Mitchell Lightfoot

Personal information
- Nationality: Australian
- Born: 22 July 2003 (age 22)

Sport
- Sport: Track and Field
- Event: 110 metres hurdles

Achievements and titles
- Personal best: 110m hurdles: 13.53 (2025)

Medal record
Men's athletics
Representing Australia
Oceania Championships
| Gold medal – first place | 2026 Darwin | 110m hurdles |
Pacific Games
| Gold medal – first place | 2023 Honiara | 110m hurdles |

= Mitchell Lightfoot =

Australian athlete (born 2003)

Mitchell Lightfoot (born 22
July 2003) is an Australian track and field athlete. In 2023, he became Australian national champion and won gold at the 2023 Pacific Games in Honiara in the 110m hurdles and also won the gold medal at the 2026 Oceania Athletics Championships

==Early life==
Lightfoot is from Maitland, New South Wales, where he attended Maitland High School and became NSW All School Champion in the 110m hurdles.

==Career==
In January 2022, Lightfoot won the NSW U20 Championship title in the 110m hurdles, setting a new personal best time. He followed this up in April 2022 by winning the Australian U20 title. Lightfoot finished fourth at the World U20 Championships in Cali, Colombia in August 2022.

Lightfoot won gold at the 2022–23 Australian Athletics Championships in Brisbane, setting a new personal best time that places him inside the top-10 Australians of all time.

In December 2023, he became the Oceanic champion at the 2023 Pacific Games in Honiara, setting a new event record time of 14.19 seconds.

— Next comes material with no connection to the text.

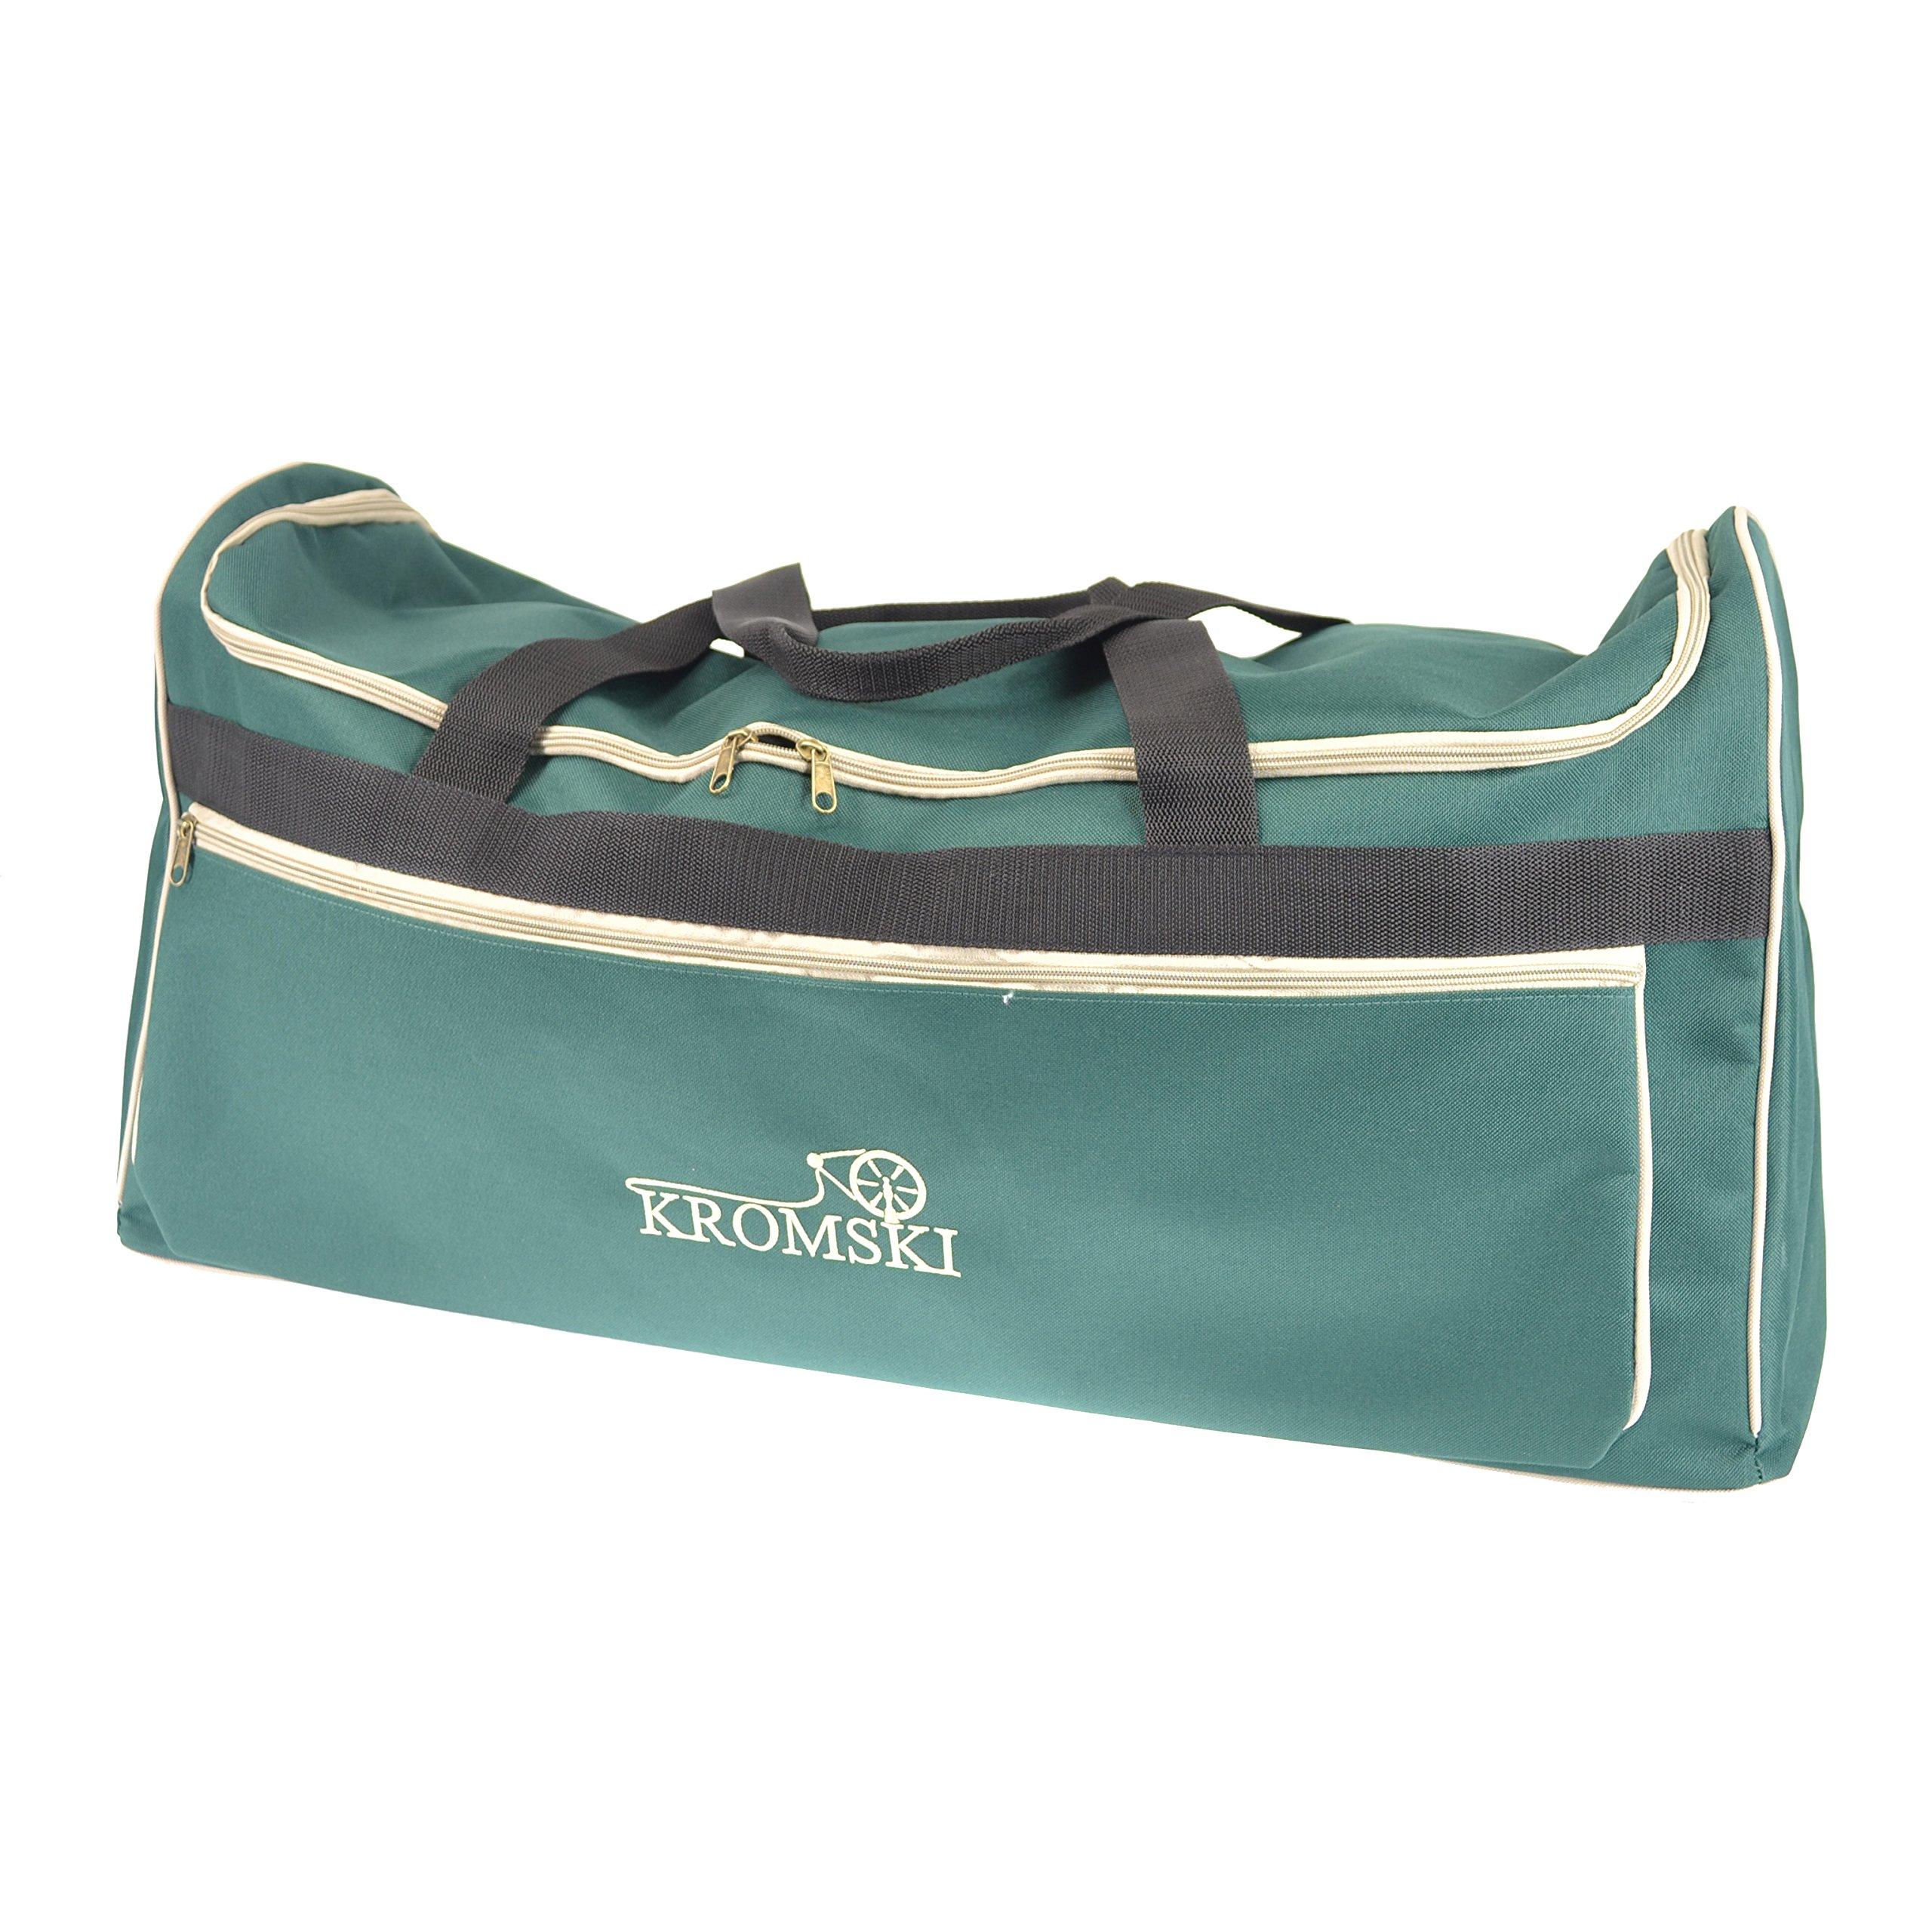 Kromski Harp Bag for 24'' Loom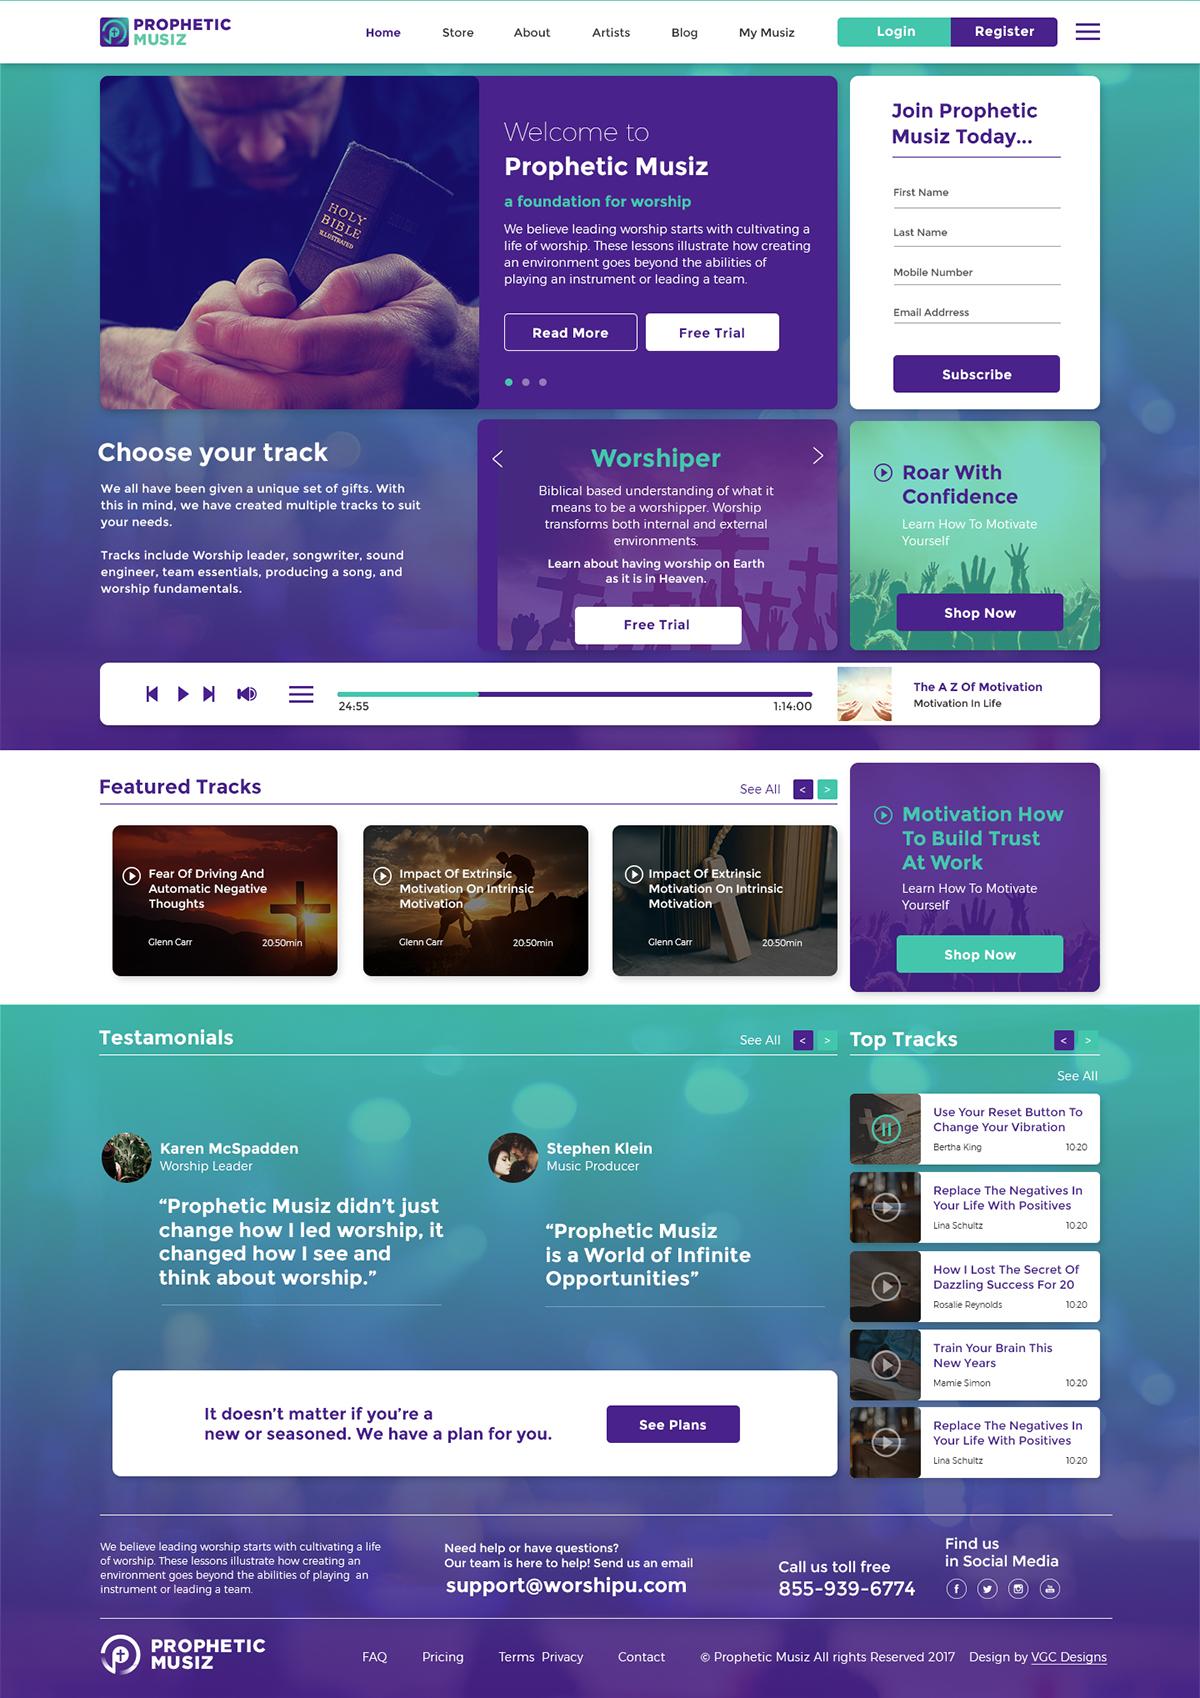 ZOE Ministries - Prophetic Musiz Website & Brand Identity design interaction ui design UX design brand identity church music church

He won the 110 metre hurdles race at the 2025 Australian Athletics Championships on 13 April 2025, in Perth. Later that month, he set a new personal best of 13.53 seconds in Hiroshima, Japan. The following month, he equalled that best whilst competing in Osaka, Japan.

In April 2026, he placed second to Sam Hurwood in the final at the 2026 Australian Championships, in 13.64 seconds. He was selected as part of the Australian team to compete at the 2026 Oceania Athletics Championships, winning the gold medal ahead of Hurwood in Darwin, Northern Territory on 21 May.